(Supplied material):
§
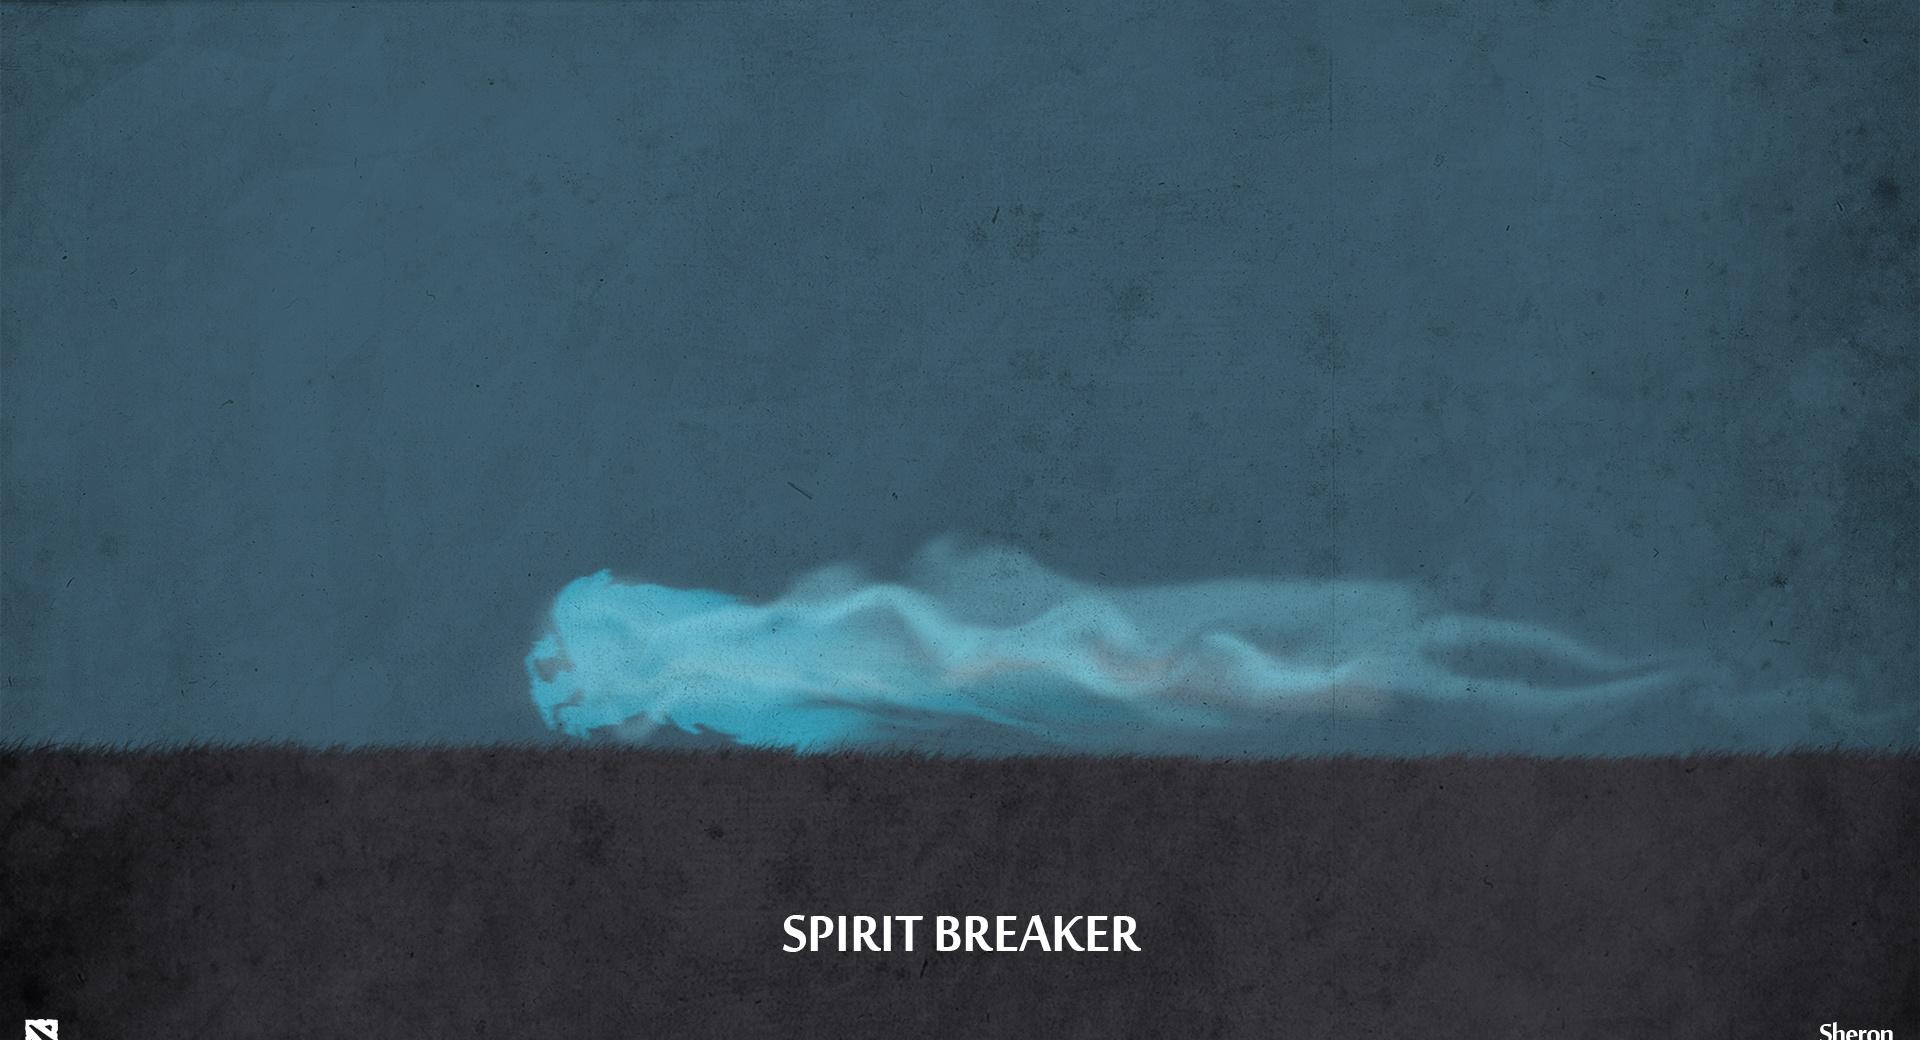 Spirit Breaker - DotA 2 at 1024 x 1024 iPad size wallpapers HD quality
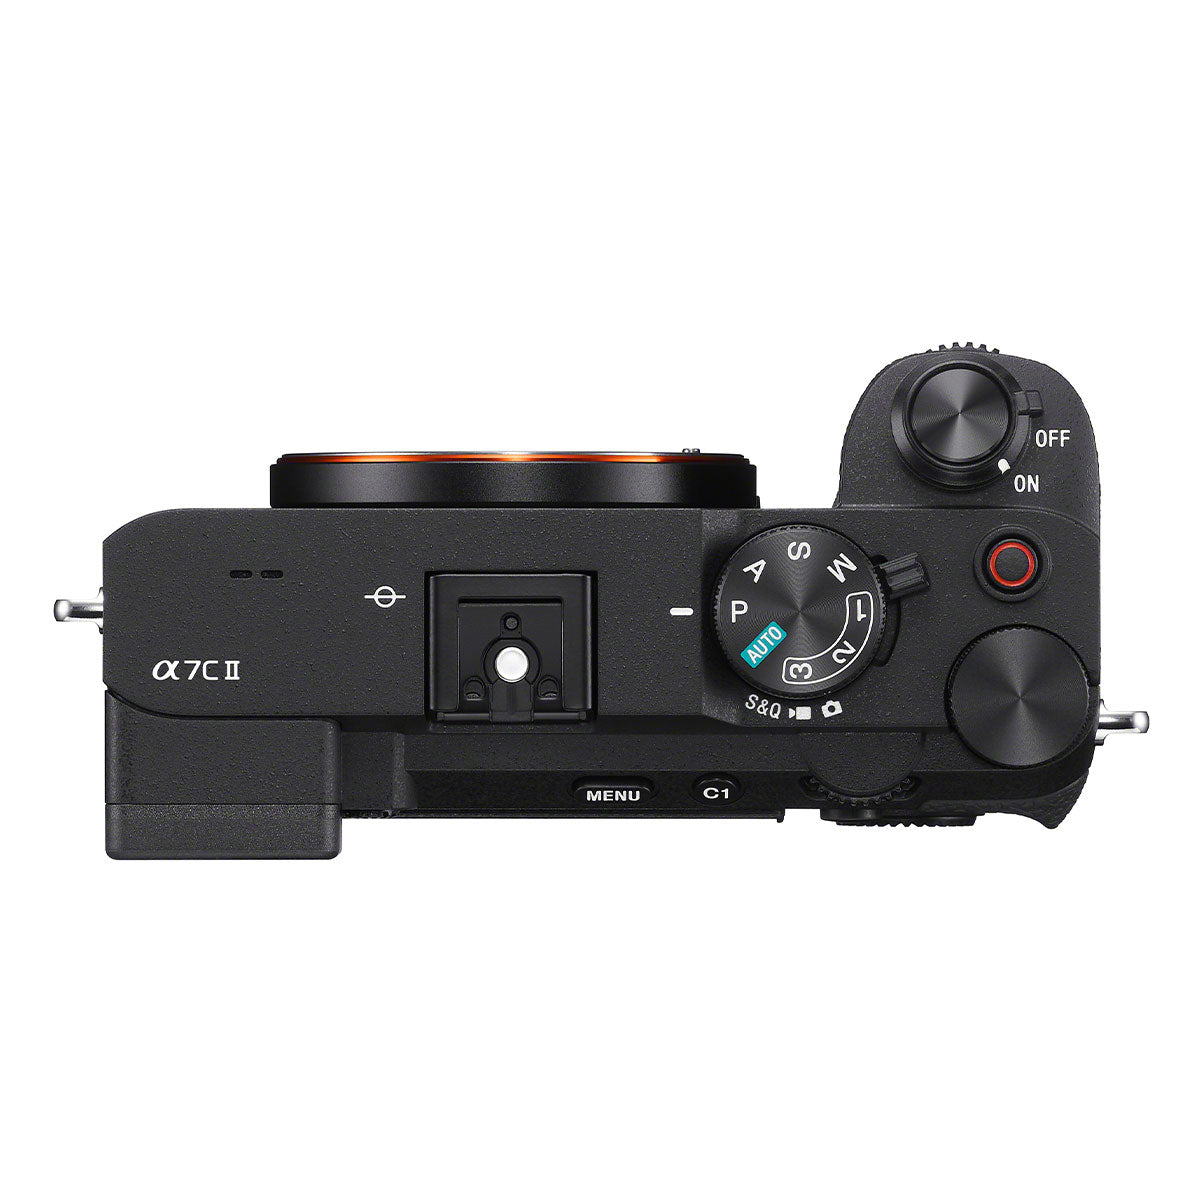 Sony a7C II Mirrorless Camera (Black) *OPEN BOX*
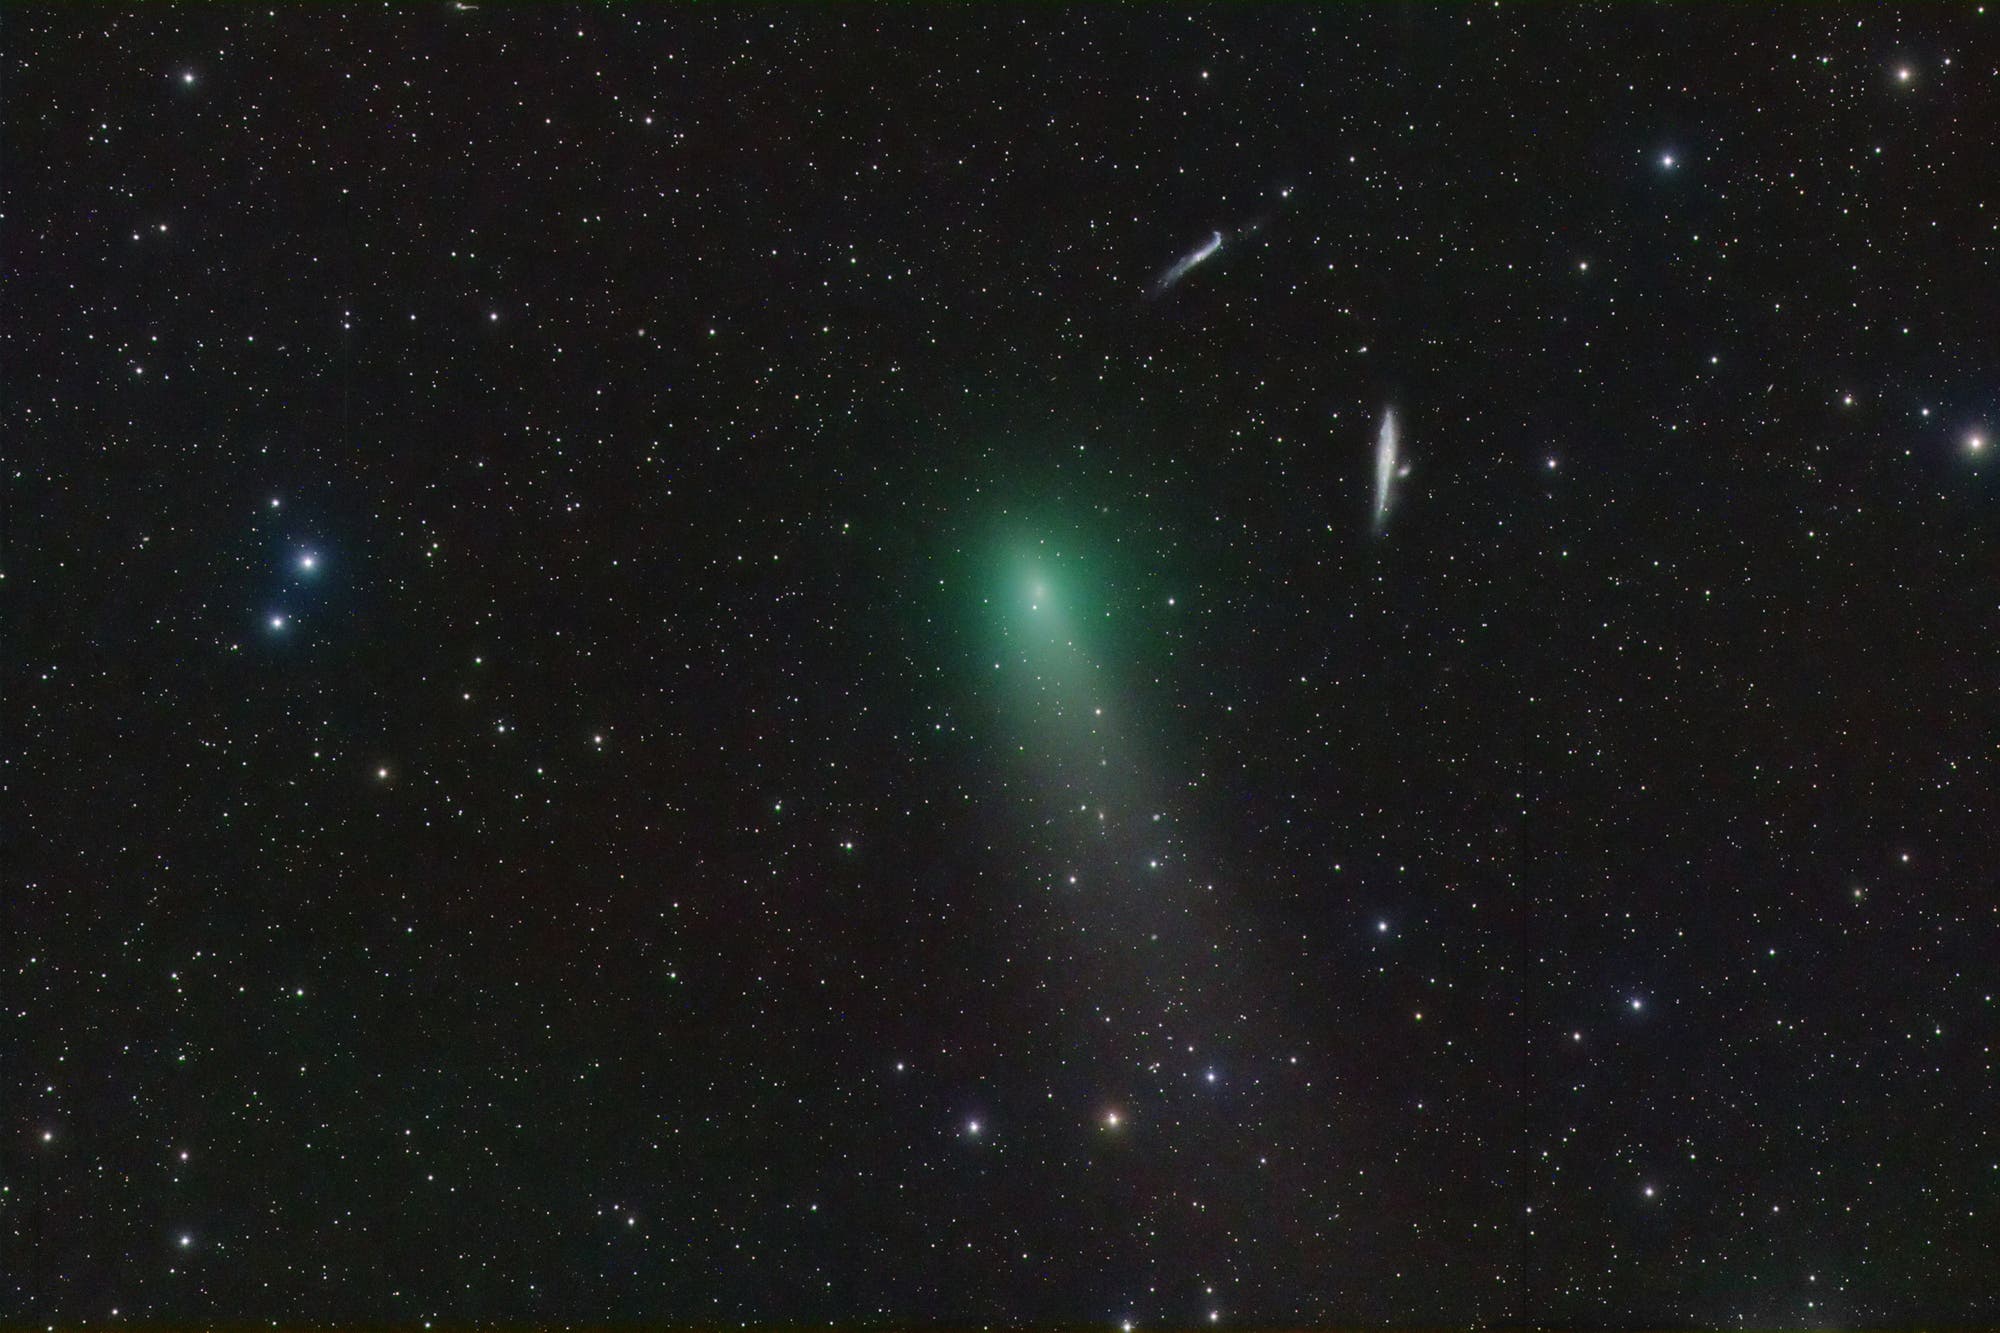 Comet 45P sails in the dark
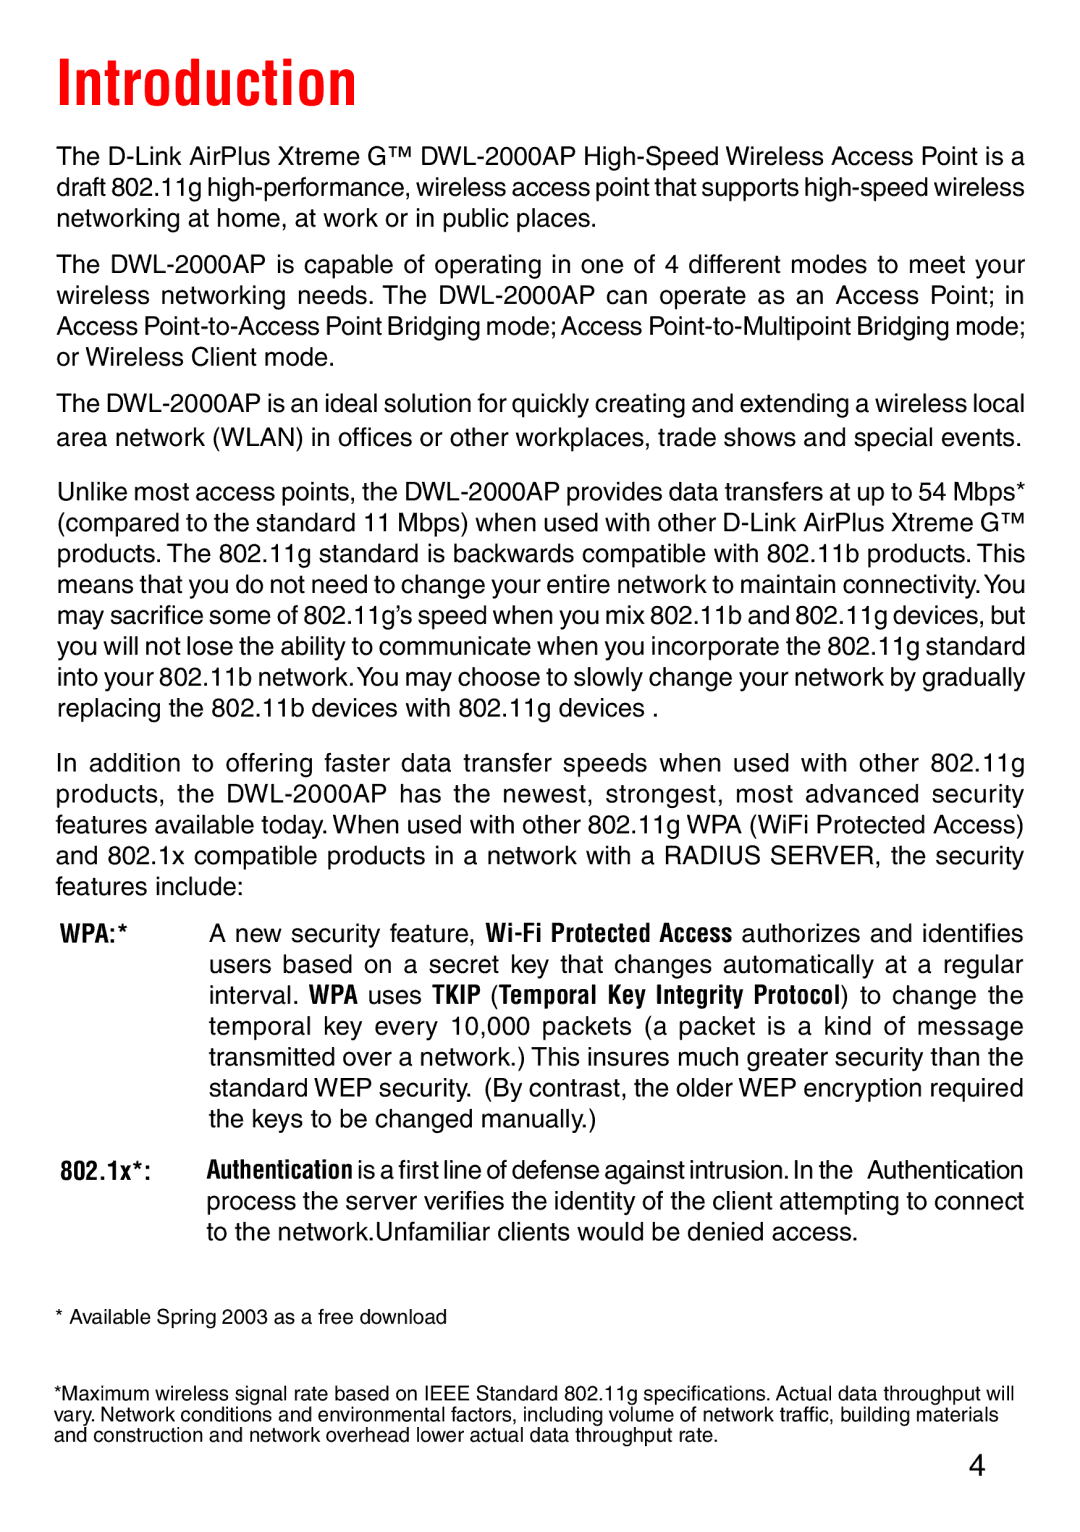 D-Link DWL-2000AP manual Introduction, Wpa
§
(Your objective): Begin the copy at the line containing "Comet 45P sails in the dark" and end it at the final line of the material above, reproducing each line exactly and omitting pictures.

(Task solution):
 Comet 45P sails in the dark
 D-Link DWL-2000AP manual Introduction, Wpa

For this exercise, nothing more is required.